Verhalenbundel die bij menig lezer jeugdherinneringen zal oproepen.
Het was buiten bijna donker. Allerlei geluiden die ze niet konden thuisbrengen klonken op in de griend. Nu heb ik weer een wilgenhut, dacht Waldo. Een lichte rilling doortrok hem. Het werd langzaamaan koud. Even later was het volkomen donker. Alleen de olielamp gaf haar kleine licht. Een zoet-zware oliegeur vervulde de hut. Het was op een zacht suizelen na volkomen stil.
In deze autobiografische verhalenbundel verwoordt de auteur herinneringen aan zijn vroege jaren in het dijkdorp Sliedrecht. Dit dorp ligt ingeklemd tussen de brede stroom van de Merwede en het weidse polderland van de Alblasserwaard.

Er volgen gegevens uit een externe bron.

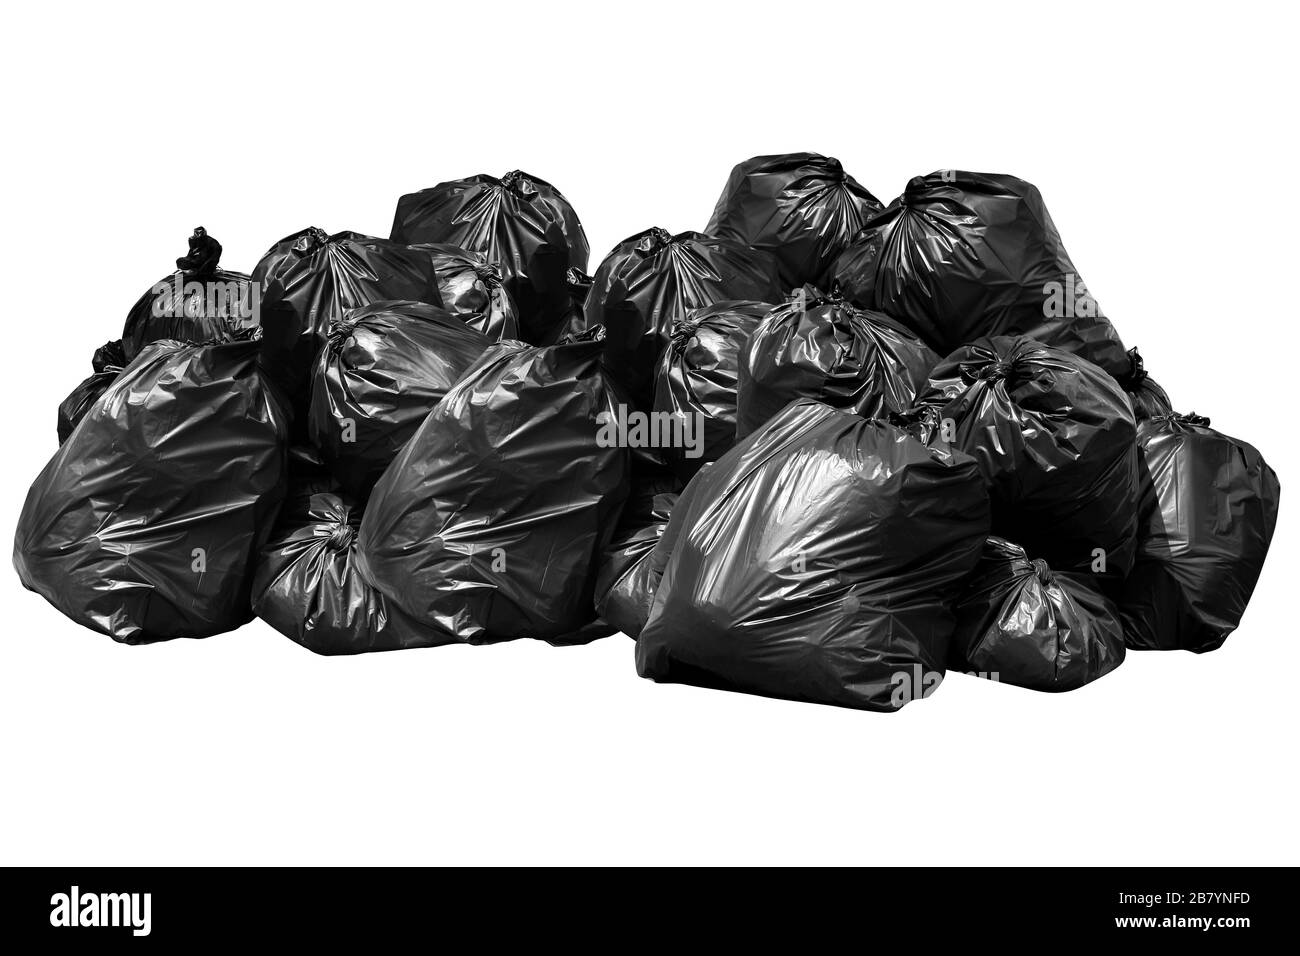 Sac poubelle Bin Bin, corbeille,, déchets, détritus, sacs en plastique pile  isolé sur fond blanc Photo Stock - Alamy

In deze oerwereld werden zijn eerste onuitwisbare indrukken geboren. Hier ging hij voor het eerst naar de kerk. Hier bouwde hij in het geheim een hut. Hier vertelden de grootouders hun verhalen over de oorlog.
Bij monde van de hoofdpersoon Waldo worden deze herinneringen verbeeld en verwoord als een teloorgegane wereld: een wilgenparadijs.
Ewald Mackay (1964) is historicus en filosoof en promoveerde op een geschiedfilosofisch proefschrift. Hij is werkzaam als docent persoonlijke vorming, filosofie en geschiedenis aan Hogeschool Driestar-educatief te Gouda. Daarnaast is hij auteur van een twaalftal boeken.